England. The Terry name distribution in the 19th century showed two main clusters, one in Kent in the southeast and the other in Yorkshire in the northeast.

Kent.  The earliest record in Kent appears to have been a Thierry, the son of Deorman in London, who was granted lands there by the Earl of Pembroke in the mid-12th century.  The later surname spelling here could be either Terrey or Terry.  For instance:

  • David Terrey died at Pelham near Gravesend in 1662; and Edward Terrey appeared in the hearth tax records at Cudham near Bromley in 1664.
  • while the name John Terry was recorded at Maidstone in 1602; and William Terry appeared in the hearth tax records at Cowden near Sevenoaks in 1664.

The Terrey spelling persisted into the 19th century.   But there were only 17 Terreys left in Kent by the time of the 1881 census.

Hampshire.  There was a Terry family at Long Sutton in Hampshire from the early 1500’s.  Stephen Terry made his home at Hydegate House and was a substantial landowner there in Elizabethan times.  His son the Rev. John Terry was a well-known anti-Catholic writer and his grandson John a wealthy goldsmith in London.

But the most famous Terry family from Hampshire was of reputed Irish descent (although it is not known where and when they came from Ireland).
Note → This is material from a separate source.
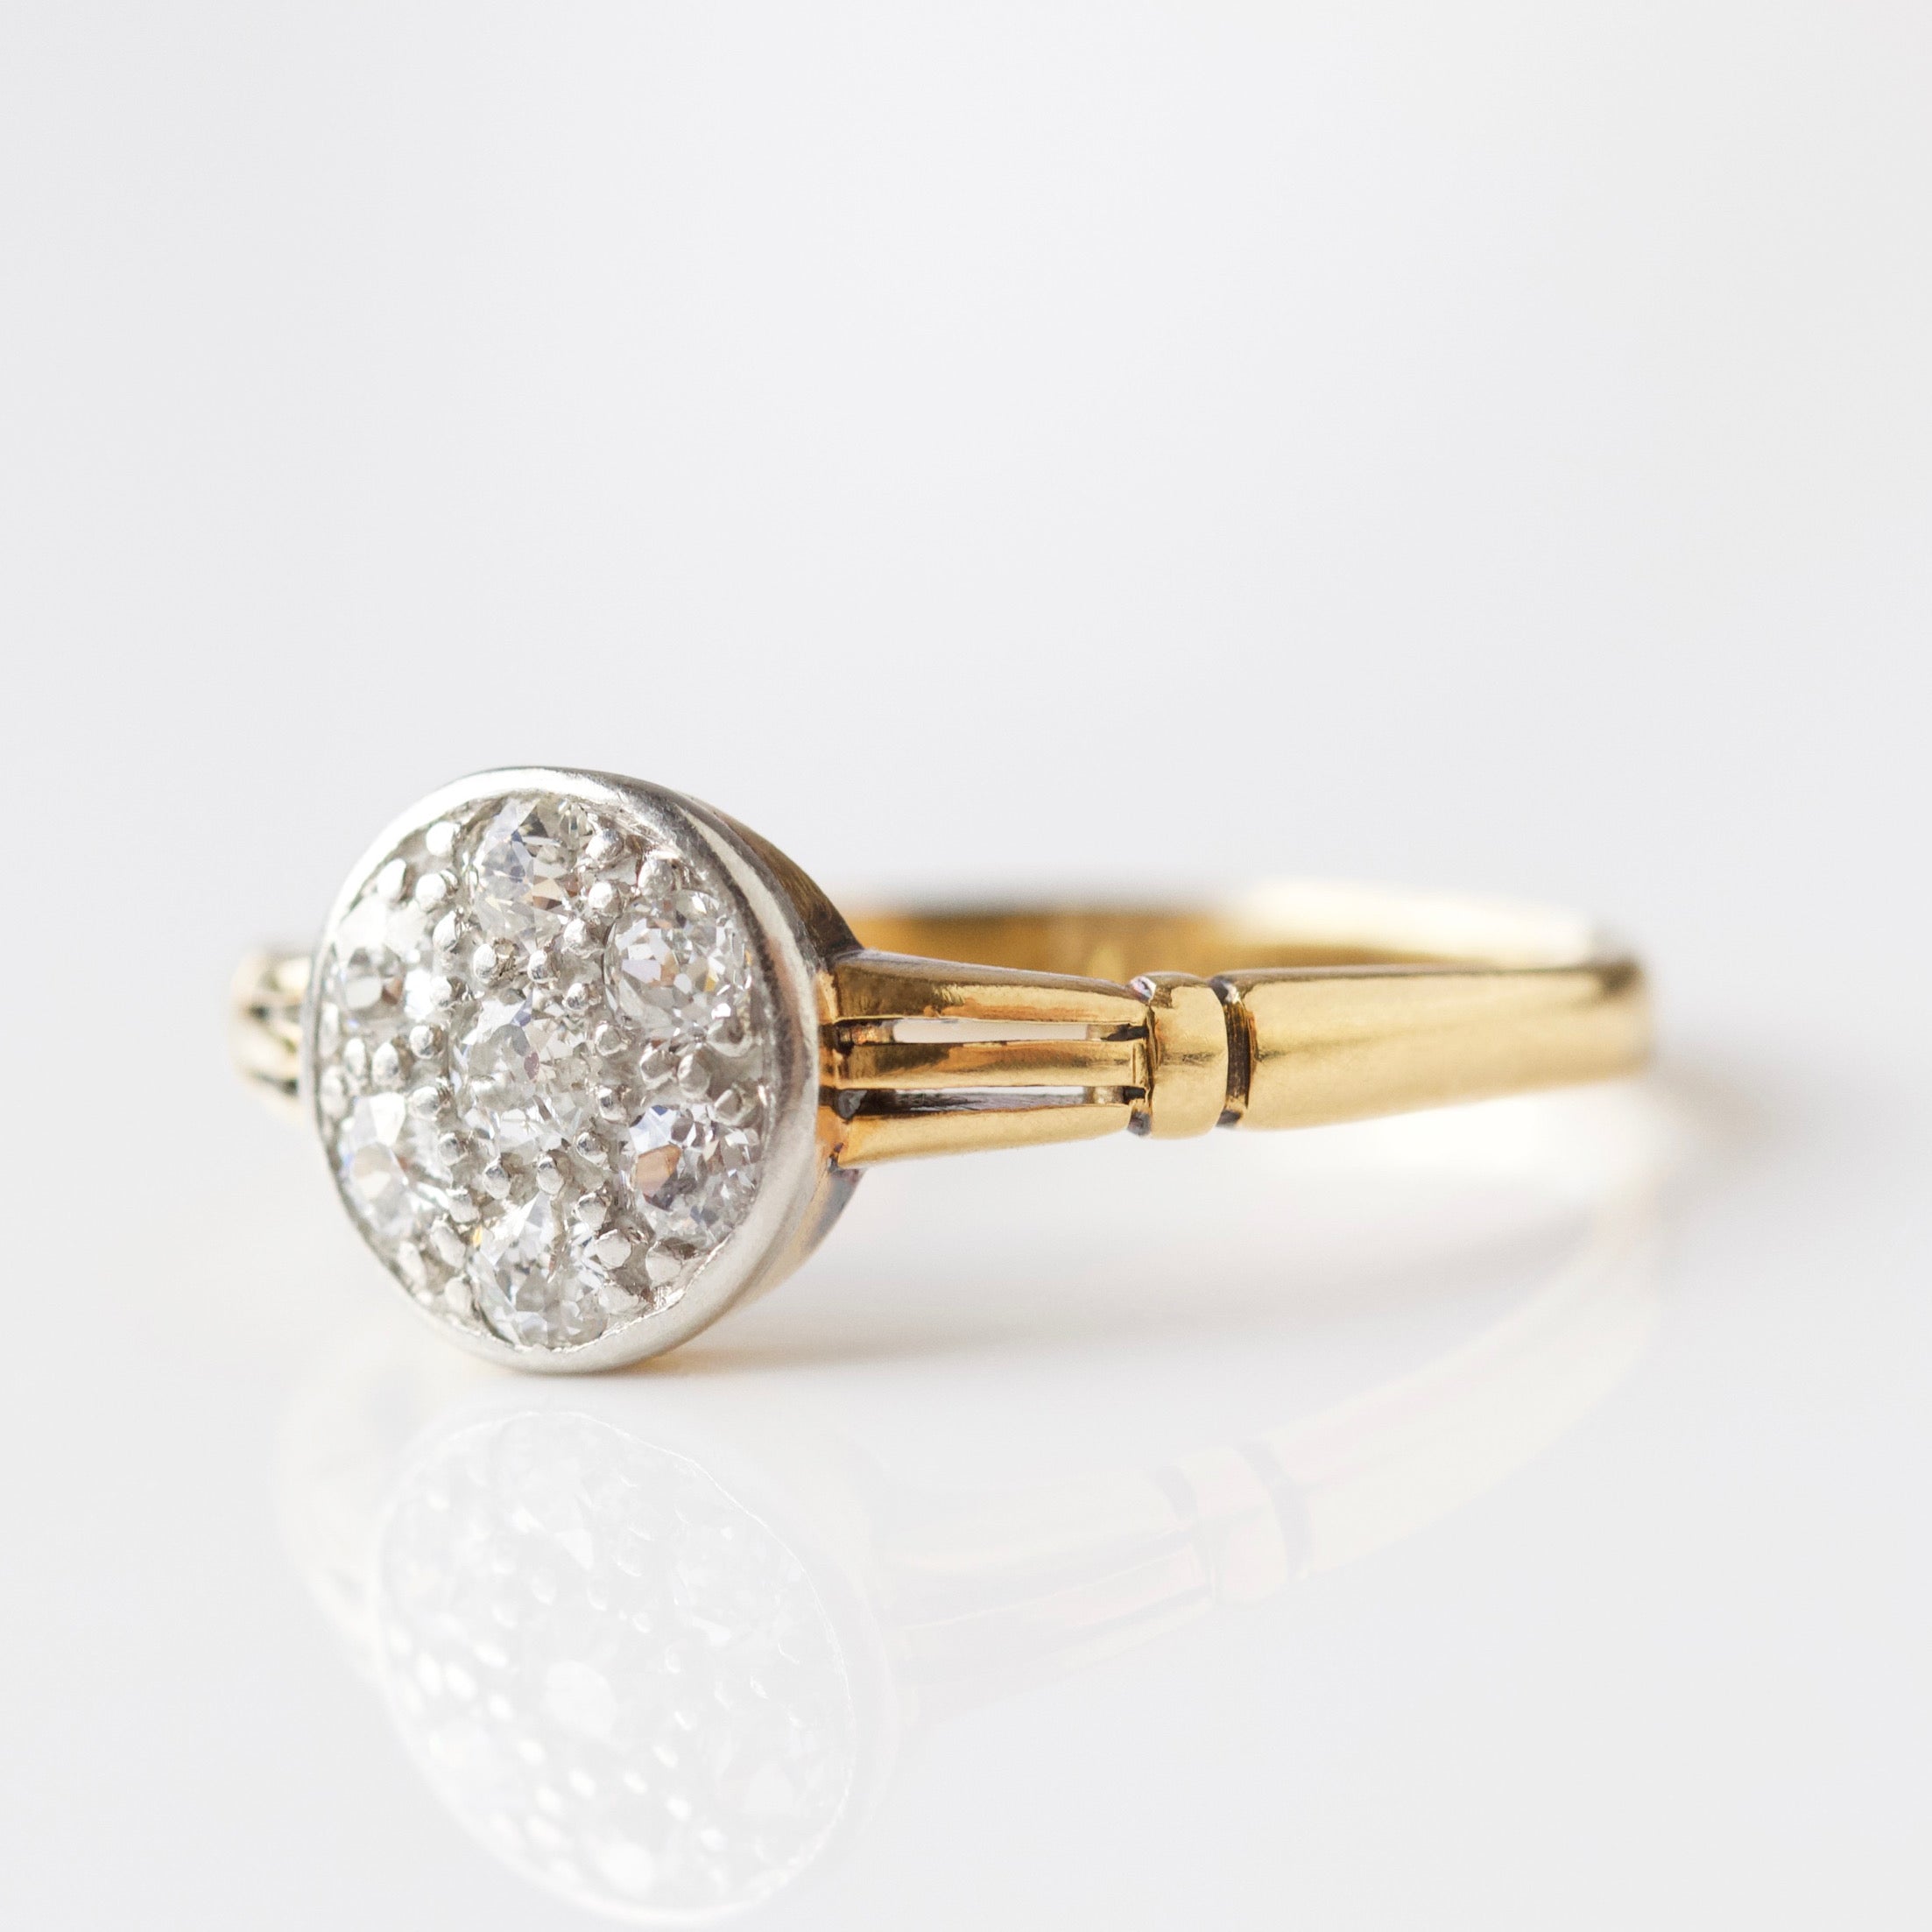 Diamond vintage ring in solid gold

The first known was Benjamin Terry, innkeeper at the Fortune of War in Portsmouth who married Catherine Crawford in 1812.  His son Benjamin and wife Sarah, comic actors in a Portsmouth-based touring company, were the first of the Terry theatrical dynasty. 

A later Irish arrival, from Cork, was Paul Terry who came to Portsmouth in 1899 and worked there as a physician until his death in 1951.
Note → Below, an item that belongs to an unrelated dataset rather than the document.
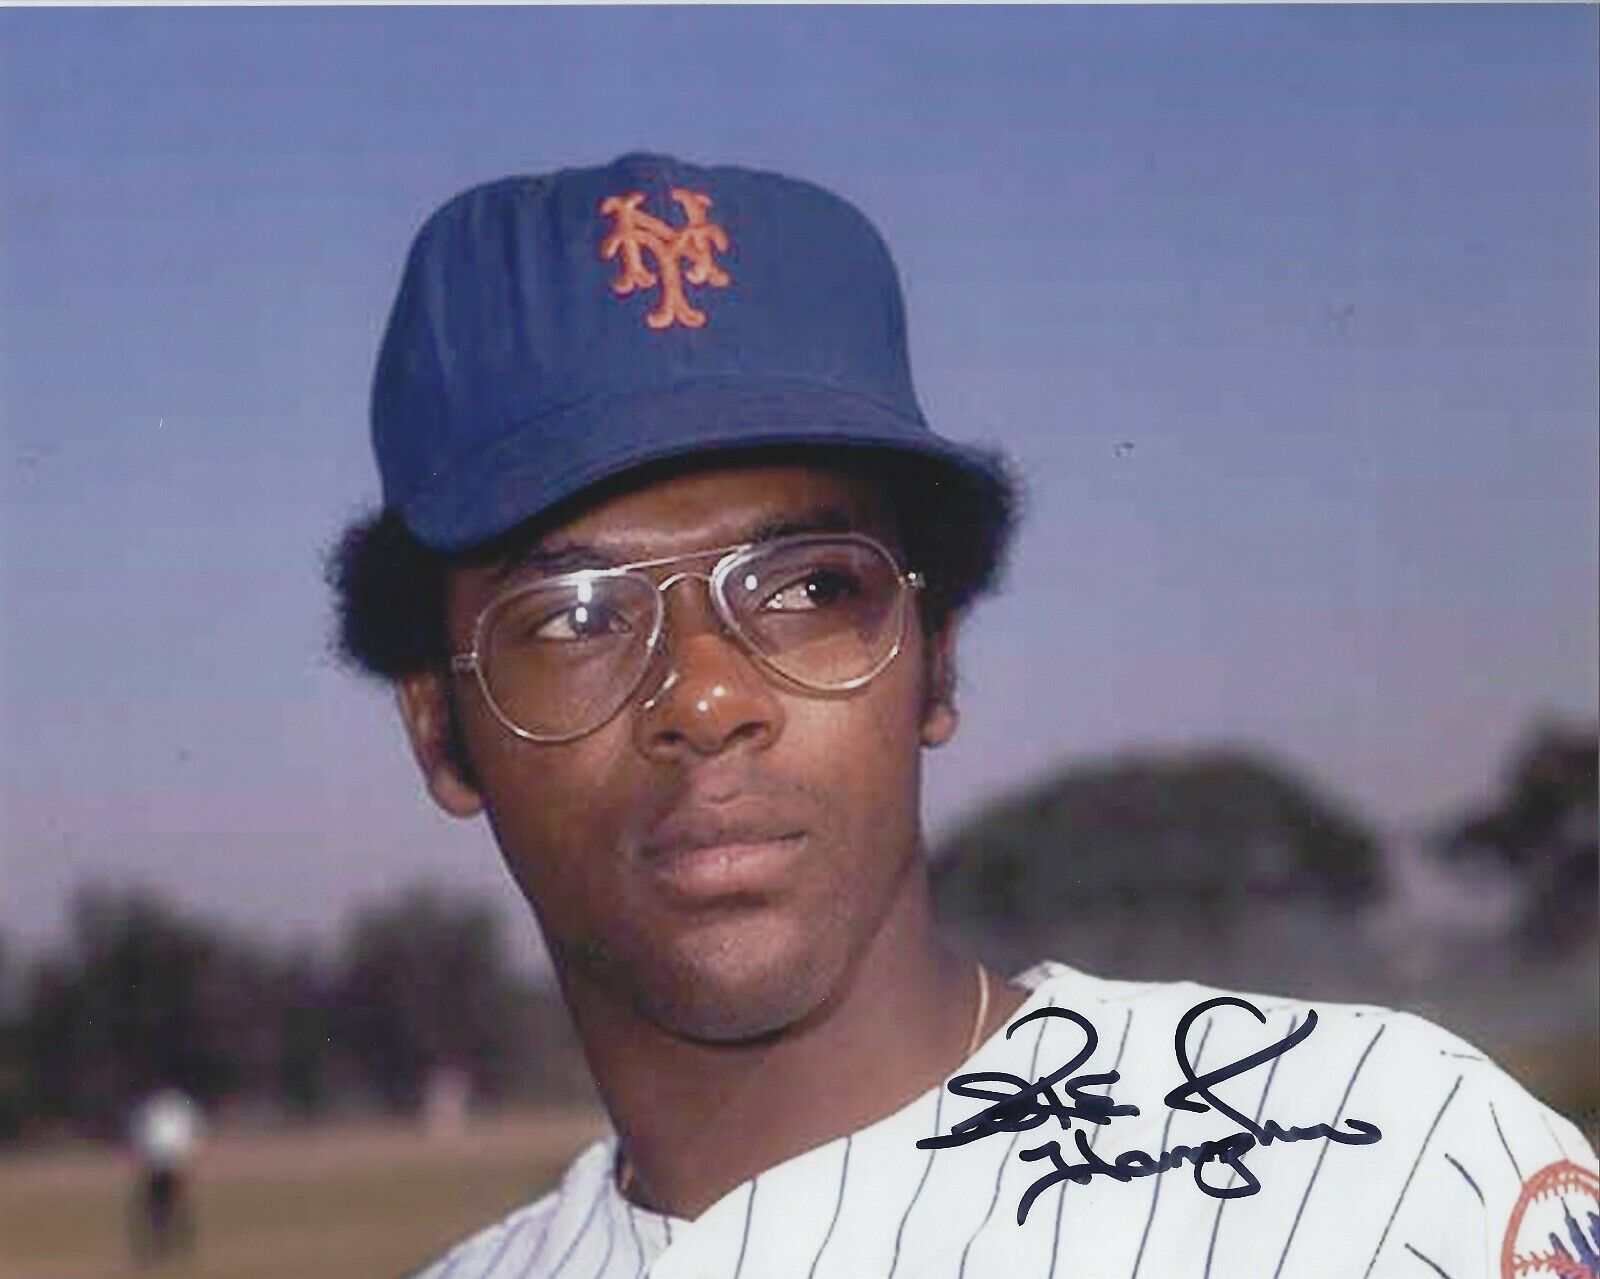 Signed 8x10 IKE HAMPTON NEW YORK METS Autographed Photo Poster painting - COA

Yorkshire.  Terry seems to have been a name from the North Riding of Yorkshire.

One Terry family record began with the birth of John Terry in Askrigg in north Yorkshire in 1705.  He was a badger by trade, a man who bought grain and carted it to a buyer, as was his son Edward.  Later Terrys were millers. Edward Terry unfortunately drowned at his mill while tipsy in 1789.  After the Napoleonic Wars, economic conditions deteriorated in the North Riding and John Terry departed for Australia in 1818.

There was also a Terry family from Guisbrough in north Yorkshire in the early/mid 1700’s.  Thomas Terry of this family emigrated to South Carolina in 1825. There he organized in Fountain Inn the building of a new Methodist church that came to be known as Terry’s Chapel.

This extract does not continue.